» **Required work**
Working through the data below, reproduce word for word the line with "DLF Mere mælk billedbehandling efter" and every line after it, both ends included, and omit the pictures.

» **Dataset section**
********************
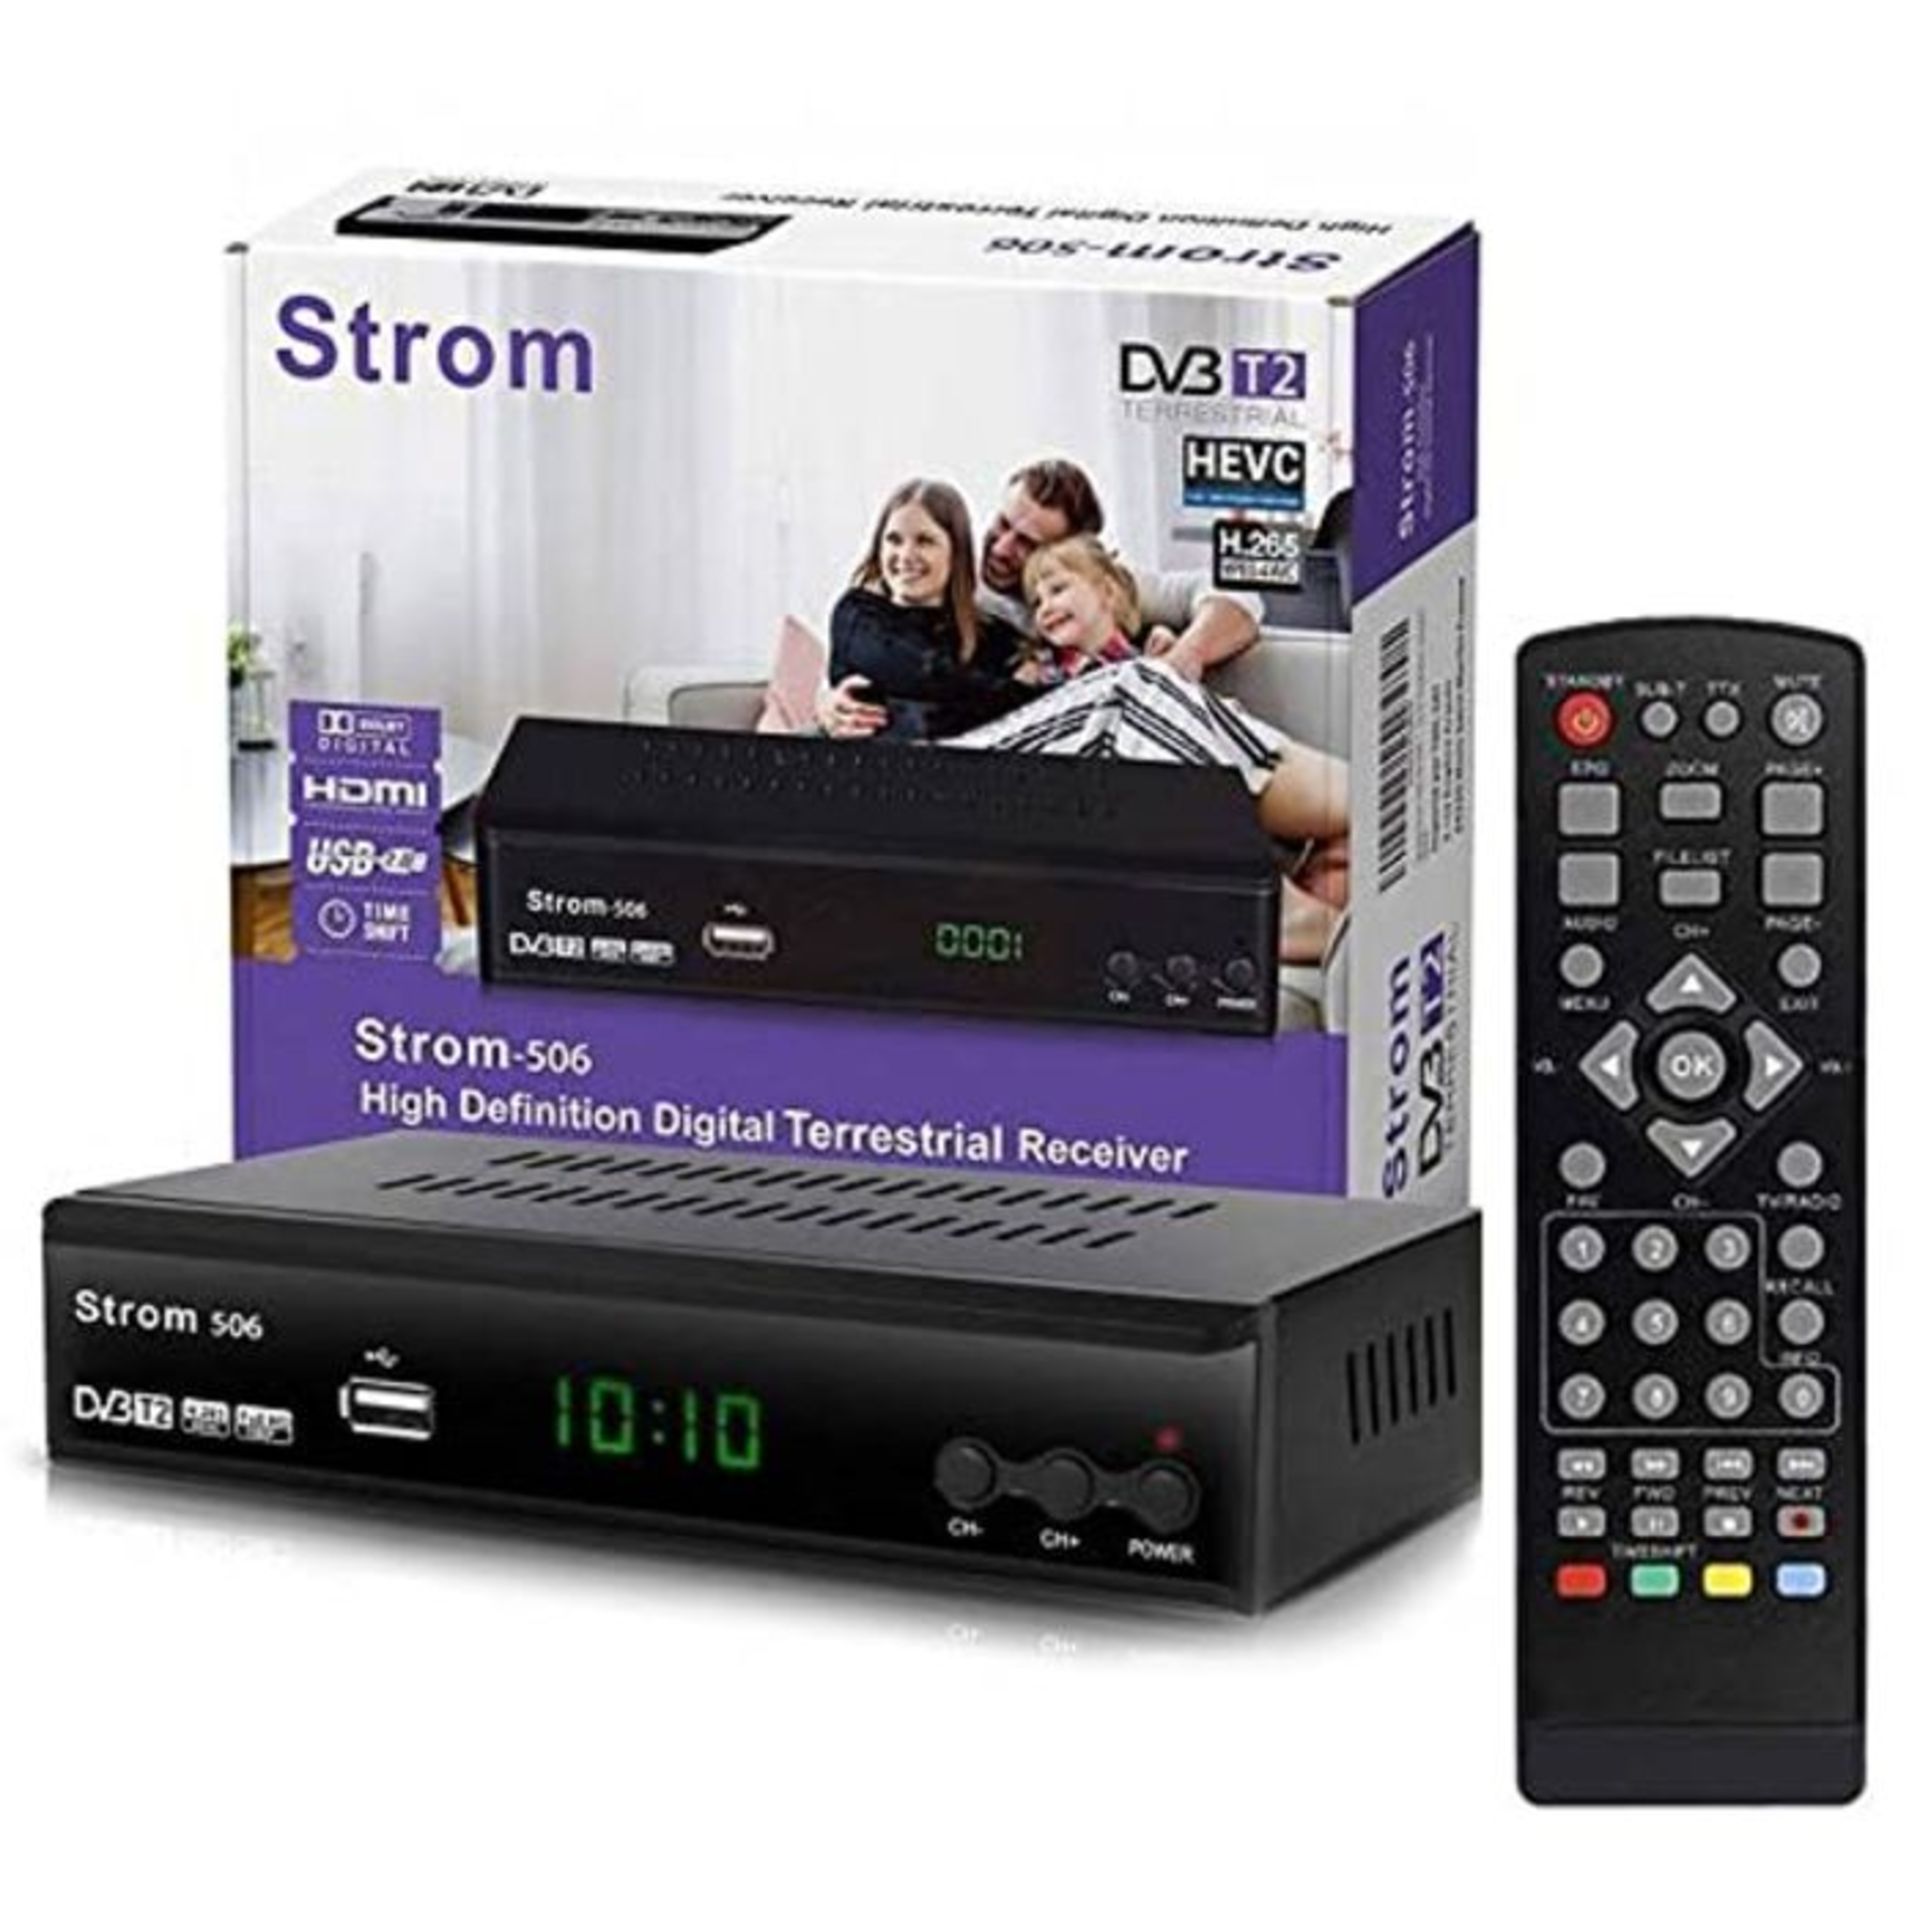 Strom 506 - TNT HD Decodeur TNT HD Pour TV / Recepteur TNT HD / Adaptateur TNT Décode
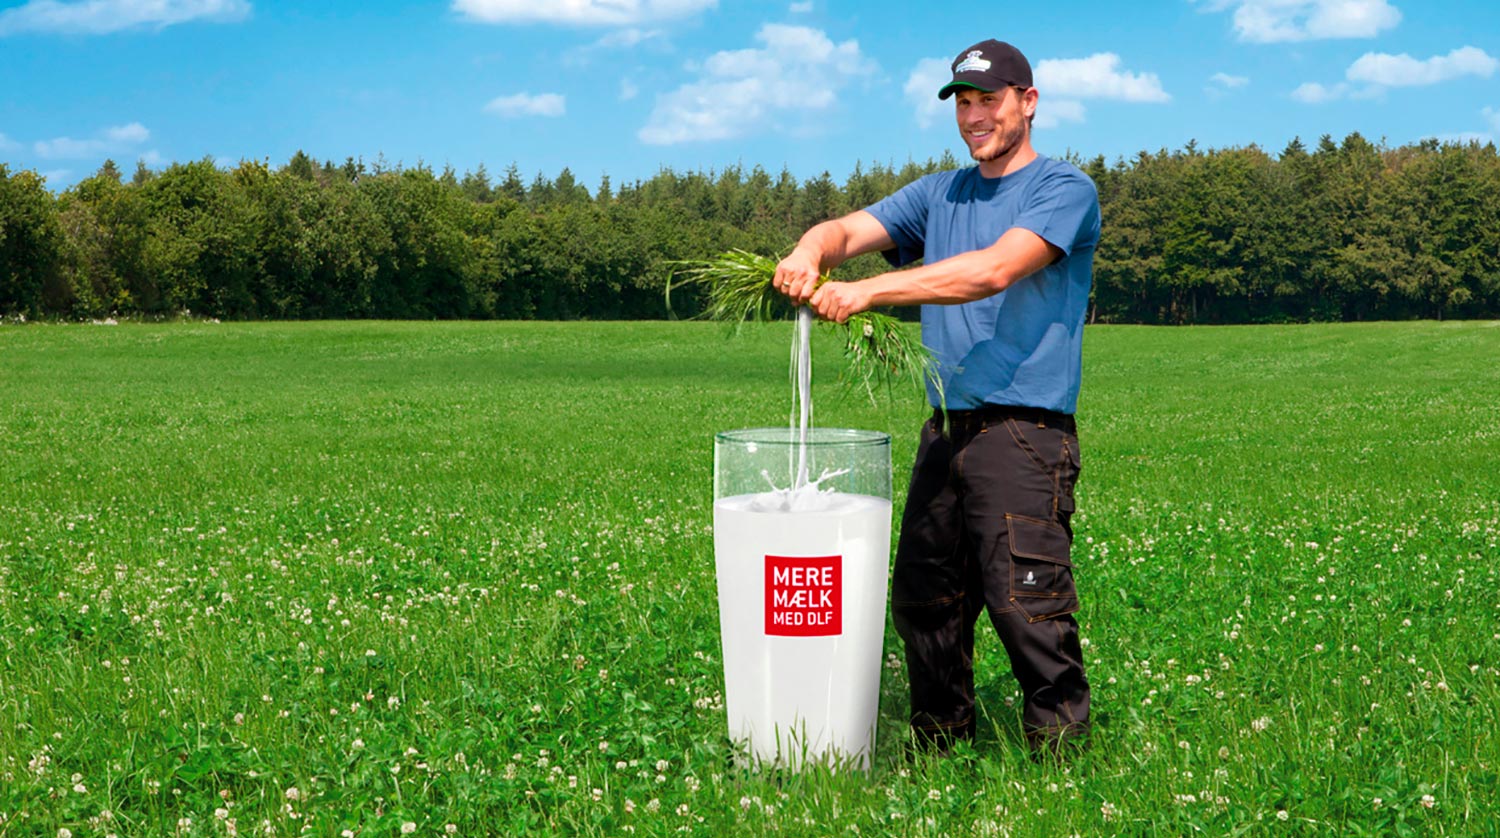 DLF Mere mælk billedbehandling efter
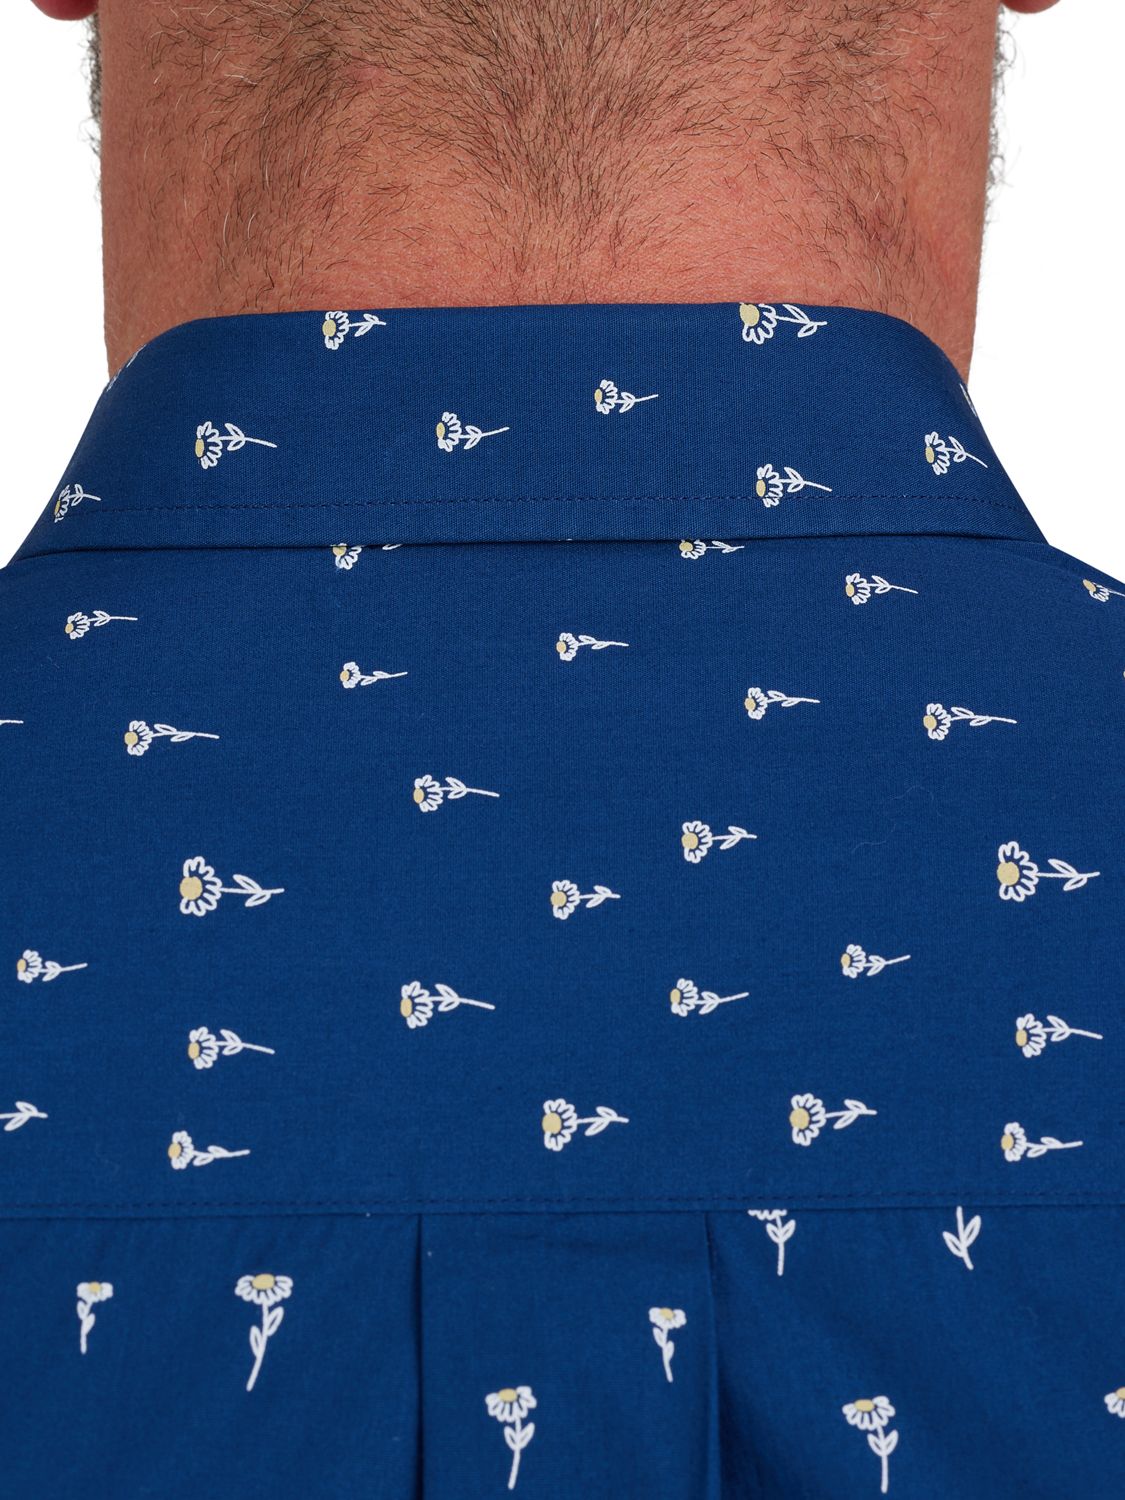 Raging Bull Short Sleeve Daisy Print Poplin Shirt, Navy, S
********************
» **Answer for the task**
 DLF Mere mælk billedbehandling efter
 Raging Bull Short Sleeve Daisy Print Poplin Shirt, Navy, S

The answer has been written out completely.